While the linked and interacting sister-creeds so besmirched the 20th century—with Fascism killing fifty million people and Communism twice that number over a much longer period—Churchill and Orwell led the way politically and intellectually in defense of constitutional democracy. It is an inspiring story, well told.
On the day Britain declared war on Germany in September 1939, Churchill sought to define the struggle as far removed from the mere territorial issues of Poland, and German aggression in Eastern Europe. “It is a war, viewed in its inherent quality,” he told the House of Commons, “to establish, on impregnable rocks, the rights of the individual, and it is a war to establish and revive the stature of man.”

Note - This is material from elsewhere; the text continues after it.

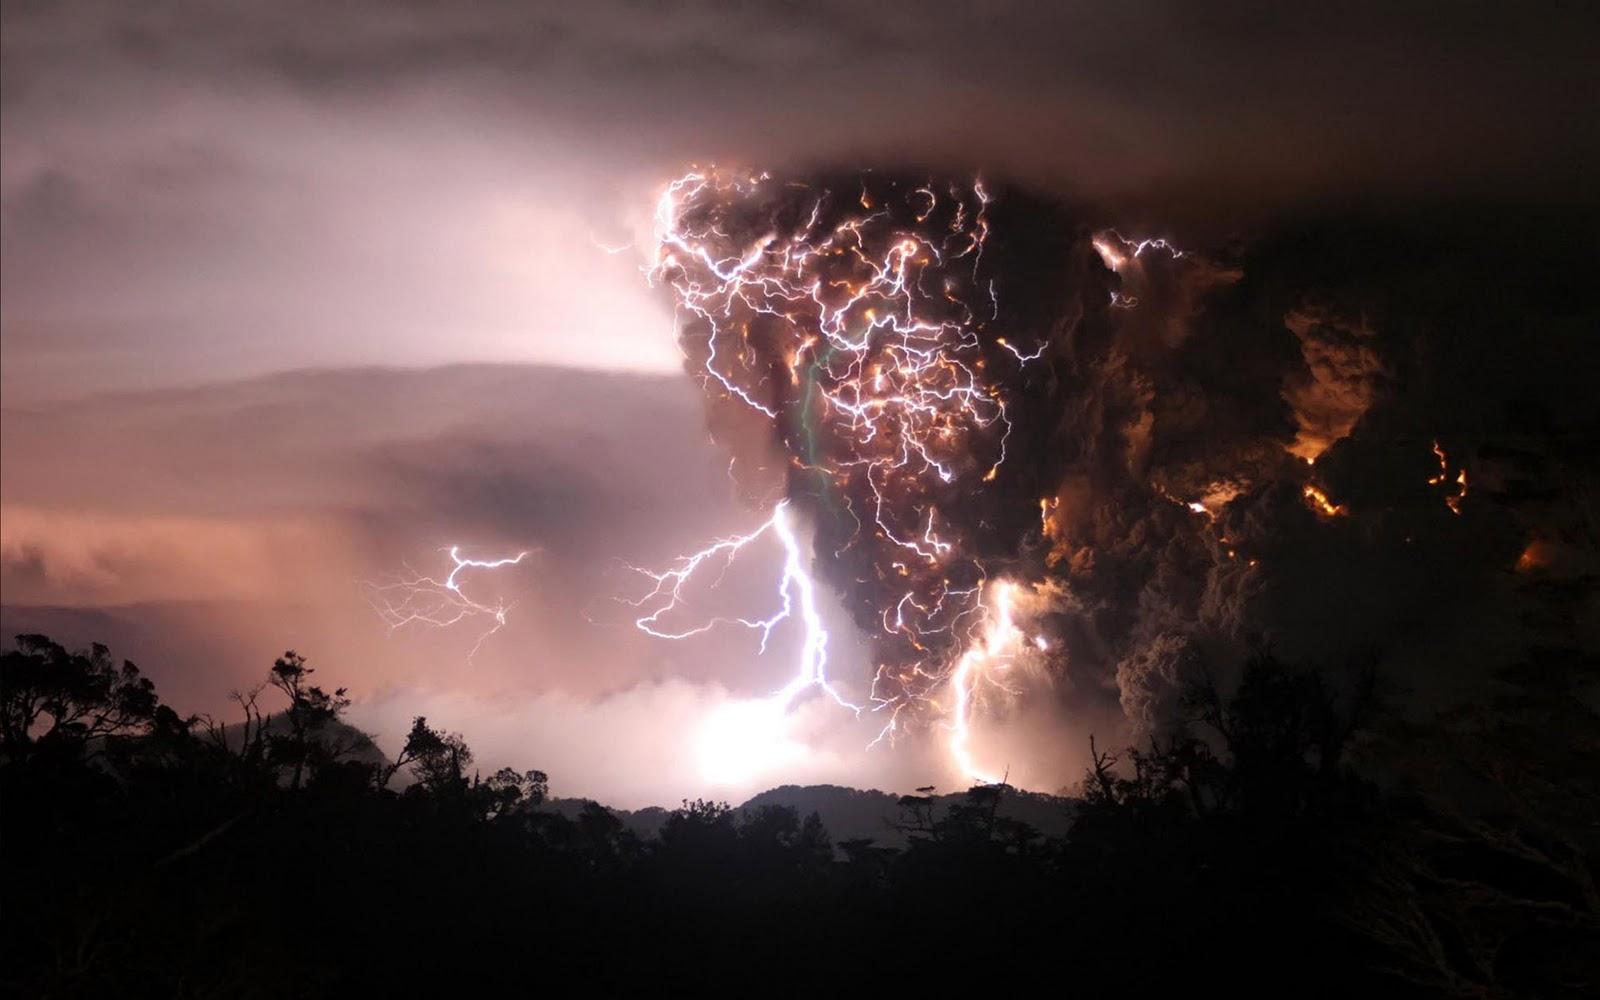 http://1.bp.blogspot.com/_RAlP3BmEW1Q/TQUtNPlizFI/AAAAAAAAB-I/rHlydwZCj9w/s1600/Onweer-achtergronden-onweer-wallpapers-2.jpg

Only two years later, in 1941, Orwell echoed much the same sentiment, albeit without the late-Victorian Churchillian oratorical panache, when he wrote: “We live in an age in which the autonomous individual is ceasing to exist.” This fear, that totalitarianism might extinguish human autonomy, linked Churchill and Orwell closely and fully justifies Ricks’s short and highly readable book.
About the Author
Andrew Roberts is the author of Masters and Commanders: How Four Titans Won the War in the West and Storm of War: A New History of the Second World War. His latest work, Napoleon: A Life. He is now writing a new biography of Winston Churchill. This review first appeared in the Evening Standard, and is republished with slight revisions by kind permission.
A Gentle Tribute: Orwell on Churchill
Included in Thomas Ricks’s book (234) is an appreciation of Churchill which Orwell wrote on his deathbed—the last piece of his to be published. He was reviewing Churchill’s second volume of war memoirs, Their Finest Hour:
“The political reminiscences he has published…have always been a great deal above the average, in frankness as well as literary quality….His writings are more like those of a human being than of a public figure….and whether or not 1940 was anyone else’s finest hour, it was certainly Churchill’s….One has to admire in him not only his courage but also a certain largeness and geniality which comes out even in formal memoirs of this type….The British people have generally rejected his policies, but they have always had a liking for him, as one can see from the tone of the stories told about him….At the time of the Dunkirk evacuation, for instance, it was rumoured that what he actually said, when recording his [House of Commons] speech for broadcast, was: ‘We will fight on the beaches, we will fight in the streets…we’ll throw bottles at the bastards; it’s about all we’ve got left!’ One may assume that this story is untrue, but at the time it was felt that it ought to be true. It was a fitting tribute from ordinary people to the tough and humorous old man whom they would not accept as a peacetime leader [in 1945] but whom in the moment of disaster they felt to be representative of themselves.”